It is worse than that.  If you consider only the set of valid, and
well-formed XHTML 1.1 documents, it is the case that parsing all such
documents as text/html will produce a DOM, but it is not the case that
all such DOMs will be identical to the ones produced if the same sources
were parsed as application/xhtml+xml.

More info: http://wiki.whatwg.org/wiki/HTML_vs._XHTML

Most of the differences deal with things like titles, textarea, scripts,
and style elements.  Also, <![CDATA[...]]> ends up being treated as a
comment in HTML.

The first observation is that even the Microdata proposal in the current
HTML 5 specification doesn't meet the criteria specified above(*), as
titles which contain the strings "&amp;" or "&lt;" will produce
different triples when those documents are parsed as text/html vs
application/xhtml+xml.

As an aside: for purposes of this discussion, I suggest adopting the
approach of identifying content based on the MIME type.  My weblog, for
example, is only XHTML when served to browsers that support
application/xhtml+xml.  For all other browsers (e.g. Lynx, IE8), it is
simply HTML.  I also suggest dropping version numbers when referring to
HTML or XHTML.

>> Sometimes an RDFa parser, dealing with HTML,
>> will hit a situation where it needs to generate an XMLLiteral from
>> non-wellformed HTML. In these situations, it seems to me that we have a
>> choice of three potential "the parser MUST" actions, all of which are
>> roughly consistent with RDFa in XHTML:
>>
>> 1. The parser MUST ignore this triple altogether. A simple solution, and
>> it means that the HTML graph would be a subset of the XHTML graph. RDF
>> vocabularies are generally defined so that if a graph G is true, then
>> any graph H such that H is a subset of G is also true.
> 
> The XHTML parser can't ignore the triple due to a parser error, or if it
> corrects the parser error, shouldn't output the malformed XMLLiteral.
> 
> The HTML5lib parser will never see that the XMLLiteral was malformed.
> 
>> 2. The parser MUST add the triple to the graph as normal, but MUST NOT
>> set the literal's datatype to XMLLiteral. They could either leave the
>> literal as an untyped literal (that happened to have a lot of angled
>> brackets in it) or perhaps set it to some HTMLLiteral datatype of our
>> own concoction.
> 
> This would be a problem because the XML-based parser implementations
> would switch the datatype of the object to something like
> XMLCharacterStream, while the html5lib parser would output an XMLLiteral.
> 
> I don't believe that there is any such thing as an malformed XMLLiteral
> in HTML5... is there? Can anybody think of an example of an invalid
> XMLLiteral in an html5 parser?

<div about="#foo" xmlns:dc="http://purl.org/dc/elements/1.1/">
   <span property="dc:description"><a$></span>
</div>

>> 3. The parser MUST coerce the HTML fragment into a well-formed (but not
>> necessarily valid) XHTML fragment. The HTML5 draft gives us decent
>> algorithms for doing this.
> 
> It does, but HTML5 has nothing to do with XHTML1.1 and XHTML2 - why
> should we apply HTML5's parsing rules to XHTML1.1 and XHTML2 documents?
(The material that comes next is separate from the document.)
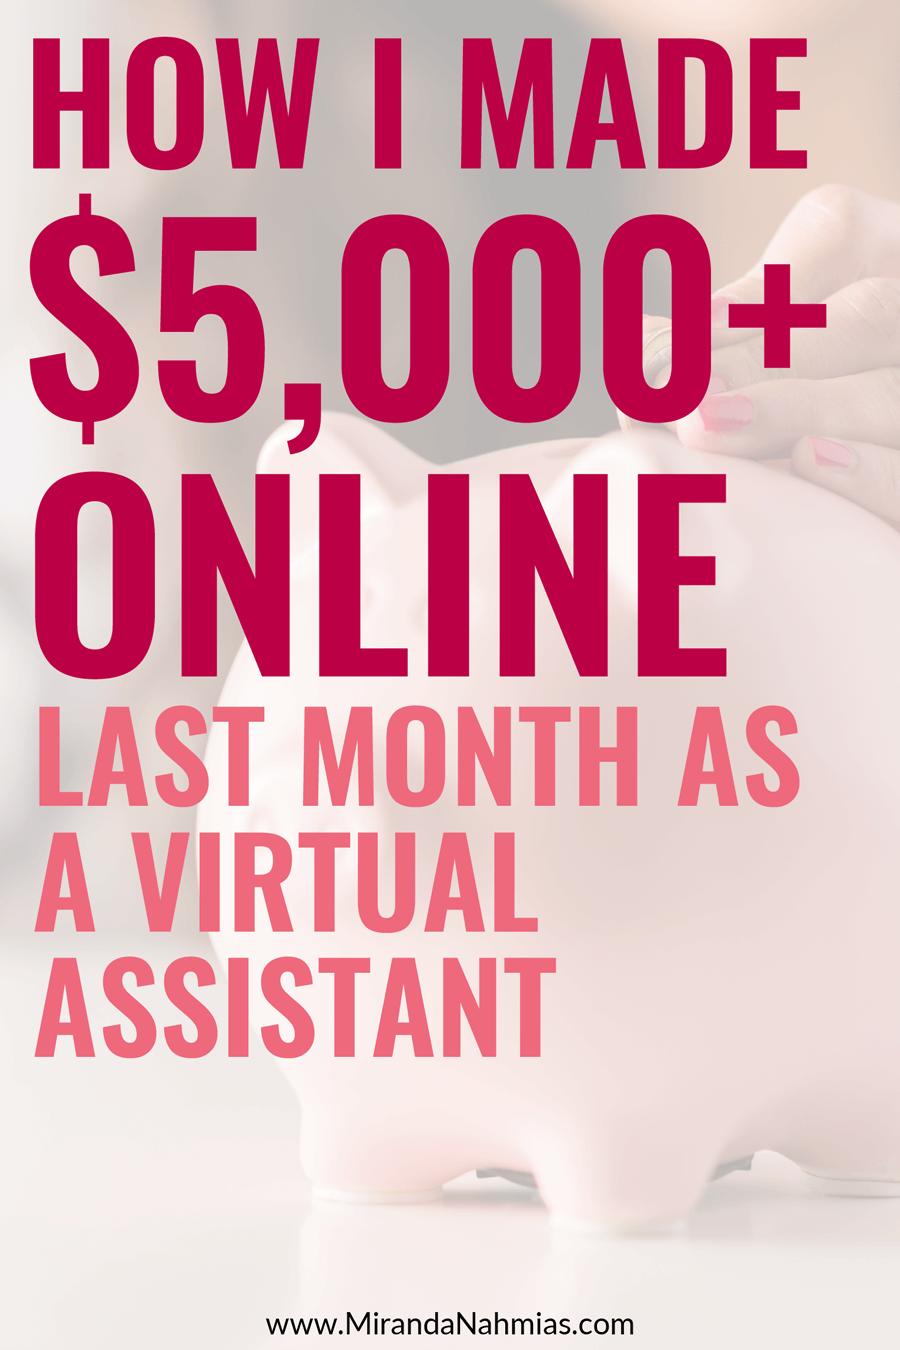 How I Made $5,000+ Online Last Month as a Virtual Assistant // Miranda Nahmias

Browsers will apply HTML parsing rules to XHTML1.1 documents served as
text/html.  This can affect the triples produced by jquery.rdfa.js.

> I don't think that this is something we can 'MUST' ourselves out of...
> relaxing the conformance requirements to not include XMLLiterals seems
> to be a mechanism that would:
> 
> a) Allow variance in IF and HOW XMLLiterals are generated - which will
> vary based on if a document is being parsed by a SAX-based XML parser in
> XHTML1.1, or a DOM-based Javascript parser in HTML5.
> b) Not automatically disqualify all DOM-based HTML5 implementations, or
> non-raw-stream-based XHTML1.1 implementations.
> 
> Although, even this approach bothers me quite a bit... as does getting
> rid of XMLLiterals all-together.

There are a set of documents which will produce the same RDF triples
independent of whether the document is processed as text/html vs
application/xhtml+xml.

1) I suggest that the syntaxes for RDFa in application/xhtml+xml vs RDFa
in text/html not be considered separately, but be developed together and
with an eye towards maximizing the set mentioned above.

2) (in the fullness of time) it would be helpful if there were a
validator which identified documents which cause different triples to be
produced.  If such a tool also identifies other conformance issues with
the document, it would be helpful to have an option to turn the
reporting of such issues off as with many documents this will obscure
the set of errors that affect the production of triples.

3) Test cases should be produced with the goal of ensuring that parsers
looking to produce RDF triples (whether it be from microformats,
microdata, or RDFa) respect the MIME type of the document.

> -- manu

- Sam Ruby

(*) I don't know whether this is an oversight, or even a problem, but
when looking into the HTML5 draft, I couldn't find where itemprop
attributes have any effect on the RDF triples produced.
Received on Wednesday, 27 May 2009 06:06:26 UTC